Neni menuturkan, sejak remaja sang kakek gemar “melanglang buana” menuntut ilmu. Dalam usia 17 tahun, ia berkelana ke berbagai pesantren di Sukabumi, Cianjur, Garut, hingga Tasikmalaya. “Kakek belajar ke banyak ajengan besar. Ia ingin menambah pengetahuan sekaligus mencari tabarukan dari para ulama,” kata Neni.
Pencarian ilmu itu membawanya ke Mekkah pada tahun 1910. Bersama sang istri, Siti Djuwariyah, Ahmad Sanusi bukan hanya menunaikan ibadah haji, tapi juga menetap di tanah suci selama lima tahun. Di sana, ia memperdalam ilmu agama dan berdialog dengan para ulama dunia serta tokoh pergerakan nasional yang kala itu bermukim di Mekkah. “Selama di Mekkah, beliau bahkan dipercaya menjadi imam di Masjidil Haram. Itu bentuk penghargaan atas kedalaman ilmunya,” ungkap Neni.
Baca Juga: 8 Terdakwa Perusakan Rumah Retret di Cidahu Sukabumi Divonis 5 Bulan Penjara
Sekembalinya ke tanah air pada 1915, Ahmad Sanusi mengabdikan diri di Pesantren Cantayan, lalu mendirikan Pesantren Genteng. Namun perjuangan dakwahnya membuat ia kerap bersinggungan dengan kolonial Belanda. Ia sempat ditahan di Cianjur dan Sukabumi selama 15 bulan, lalu diasingkan ke Batavia selama enam tahun. “Kakek pernah menjadi ajengan tanpa pesantren di Batavia Centrum. Tapi kegiatan dakwahnya tak pernah berhenti, hingga dikenal sebagai Ajengan Batawi,” ujar Neni.
Tahun 1934 menjadi titik balik perjalanan Sanusi. Setelah masa internir berakhir, ia mendirikan Pesantren Syamsul Ulum Gunungpuyuh Sukabumi. Dari tempat inilah matahari ilmu itu bersinar terang, melahirkan banyak ulama besar lintas generasi. “Ketika mengajar di Pesantren Cantayan, Genteng, hingga Syamsul Ulum, kakek mencetak banyak santri yang kelak menjadi tokoh ulama berpengaruh, bahkan sampai tingkat nasional,” tambah Neni.
Di masa tahanan kota maupun setelah bebas, KH Ahmad Sanusi tetap produktif menulis. “Tidak kurang dari 126 judul kitab ditulis dari berbagai bidang keilmuan seperti Tafsir, Tauhid, dan Fiqih,” ujar Neni. Karya-karya itu menjadi bukti bahwa semangatnya untuk mencerdaskan umat tak pernah padam, meski hidup dalam tekanan penjajahan.
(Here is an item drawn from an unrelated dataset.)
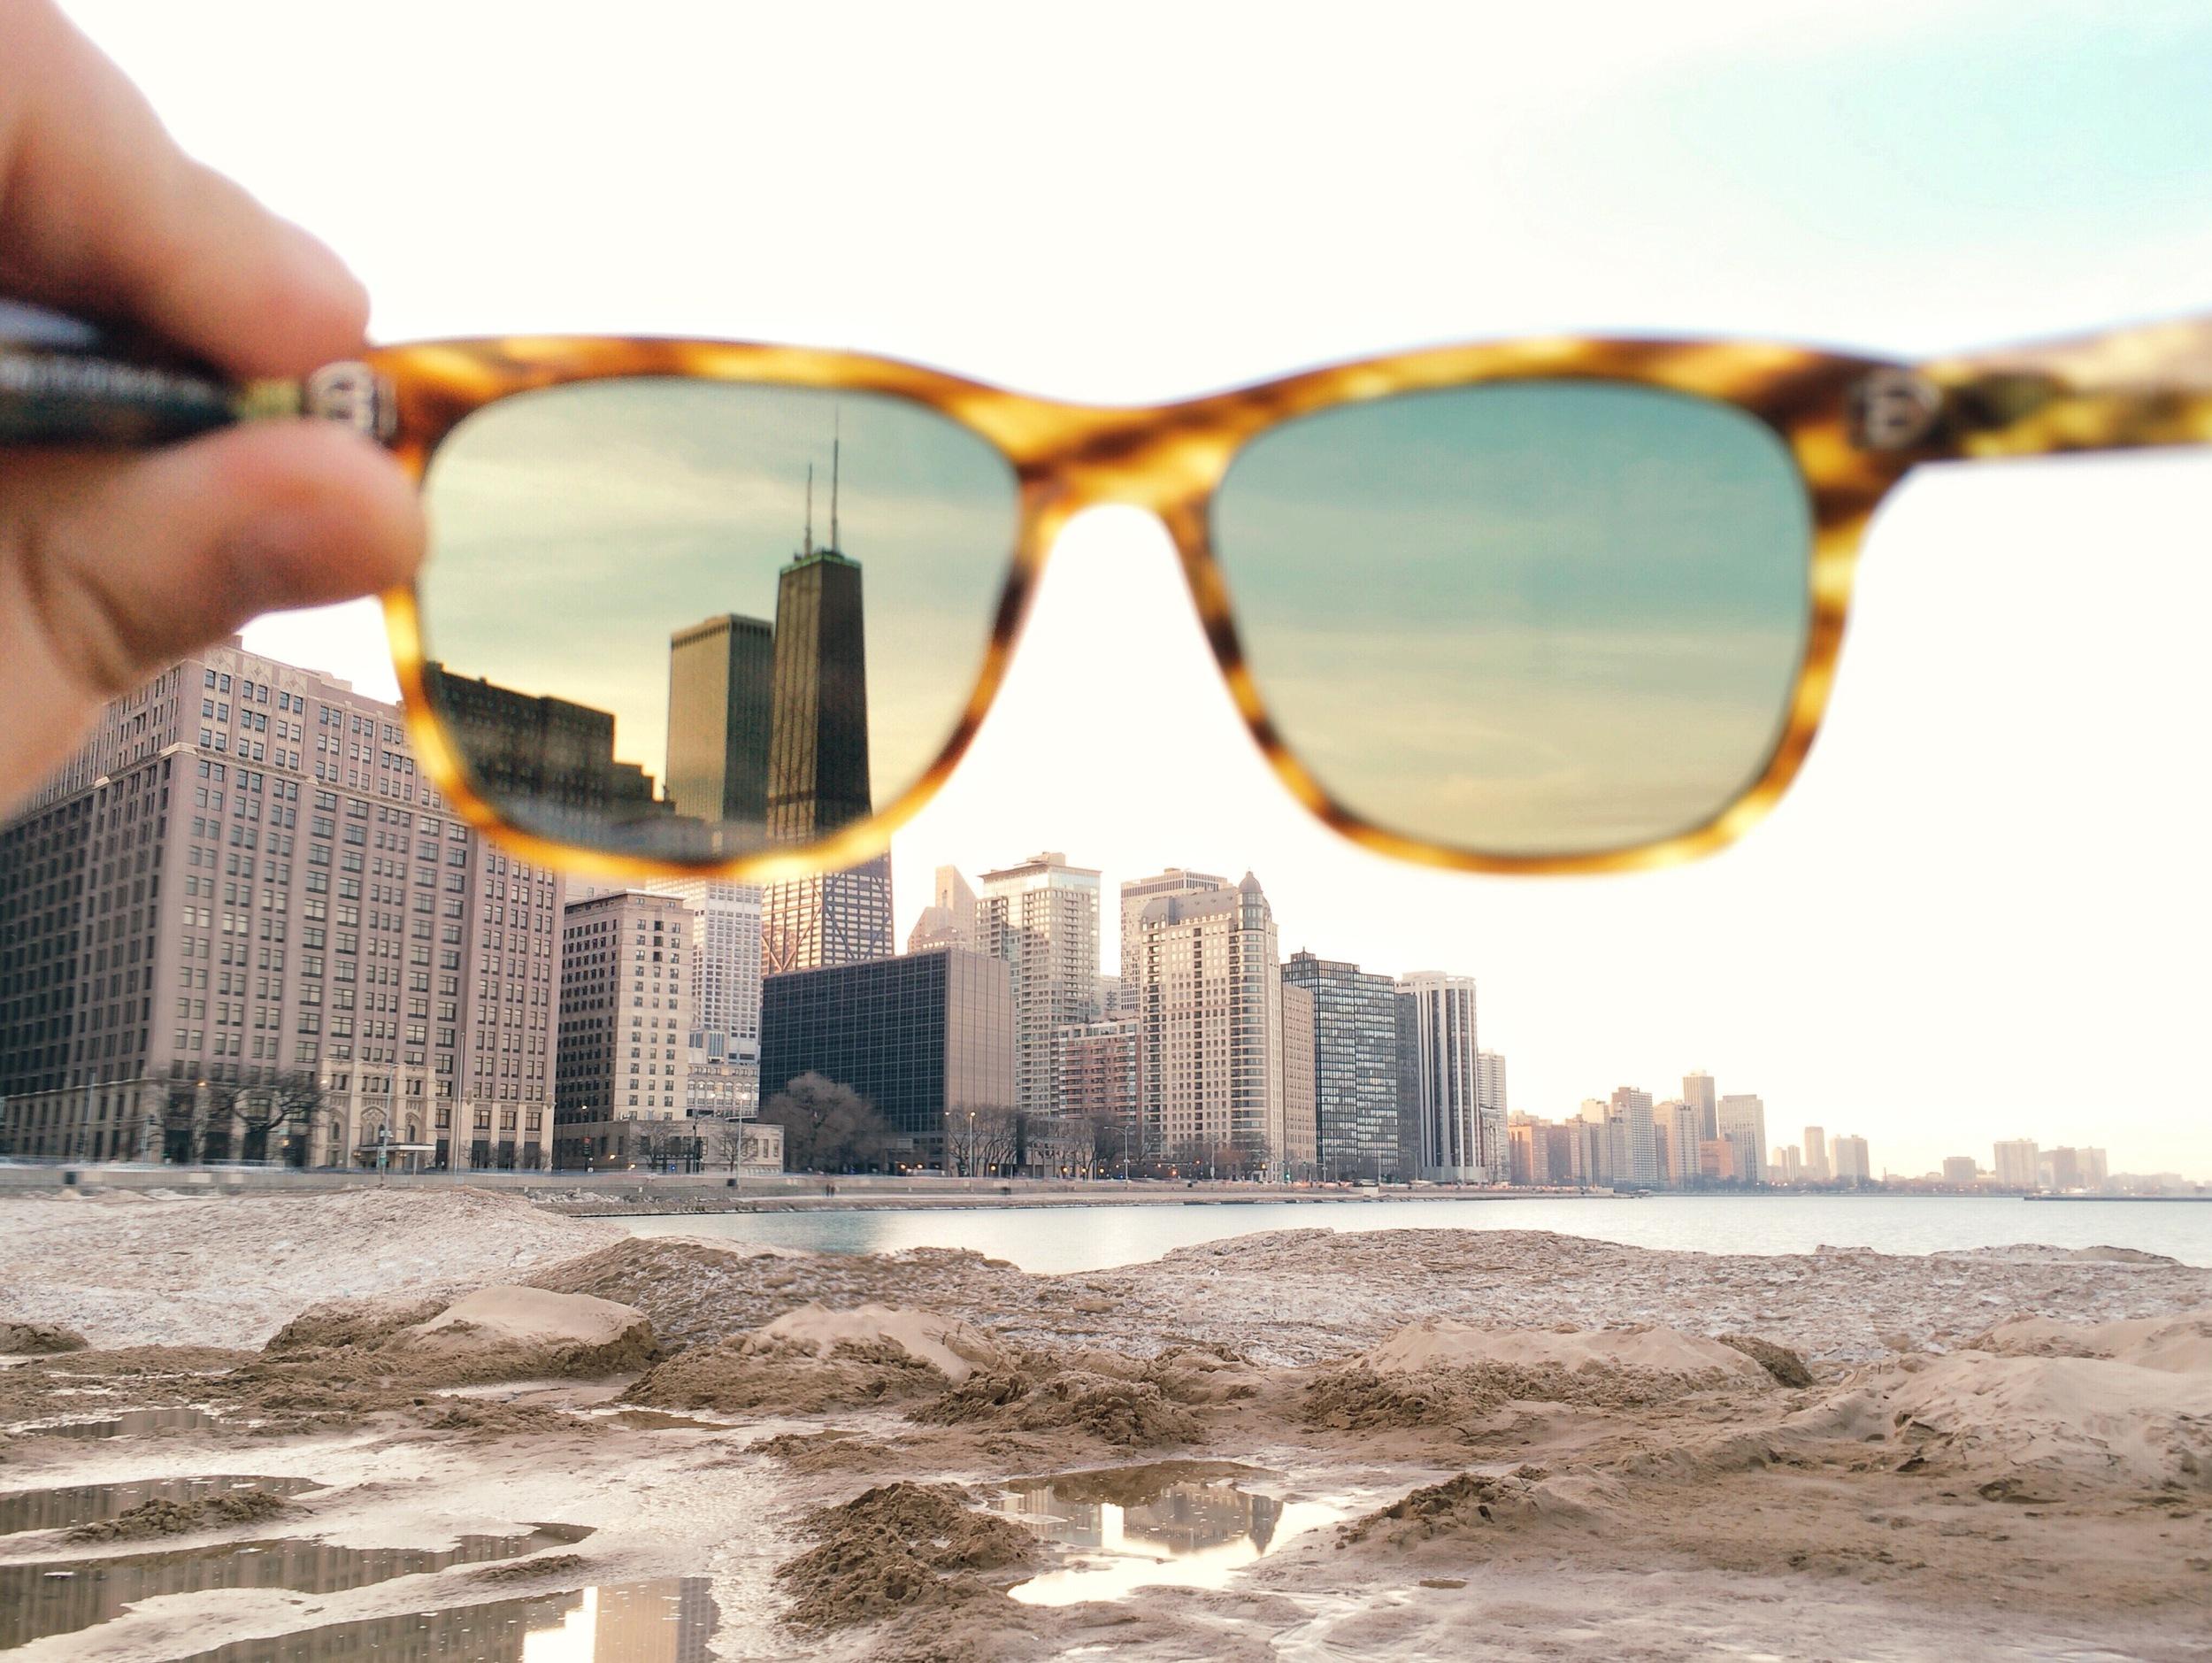 Milton Olive Park through Sunglasses.jpg

Selain berdakwah, KH Ahmad Sanusi juga aktif di berbagai lembaga perjuangan. Ia tercatat sebagai anggota BPUPKI, anggota KNIP, pengurus Masyumi, serta pernah menjabat Wakil Residen Bogor pada masa pemerintahan Jepang. Dari ruang-ruang itu, gagasan Islam dan kebangsaan yang moderat ia suarakan, hingga berkontribusi dalam lahirnya dasar negara Pancasila.
Pada 31 Juli 1950, dalam usia 63 tahun, sang ulama besar mengembuskan napas terakhir di Pesantren Gunungpuyuh. Ia dimakamkan di kompleks keluarga, tak jauh dari tempatnya mengajar dan menulis.
Kini, namanya diabadikan dalam berbagai ruang publik Sukabumi, mulai dari Jalan KH A. Sanusi hingga Terminal Tipe A KH Ahmad Sanusi di Jalur Lingkar Selatan. Warisannya tak hanya berupa bangunan pesantren atau karya tulis, tetapi juga nilai perjuangan, keteguhan, dan ilmu yang terus menyinari generasi penerusnya.
Baca Juga: Hari Pahlawan: Mengenang Perlawanan di Museum Bojongkokosan, Jejak Heroik di Tanah Sukabumi
“Pemerintah sudah menetapkan almarhum menjadi Pahlawan Nasional. Kami sangat bersyukur. Semoga sinar Syamsul Ulum yang berarti ‘matahari ilmu’ itu terus menerangi langkah umat dan bangsa,” tutup Neni penuh haru.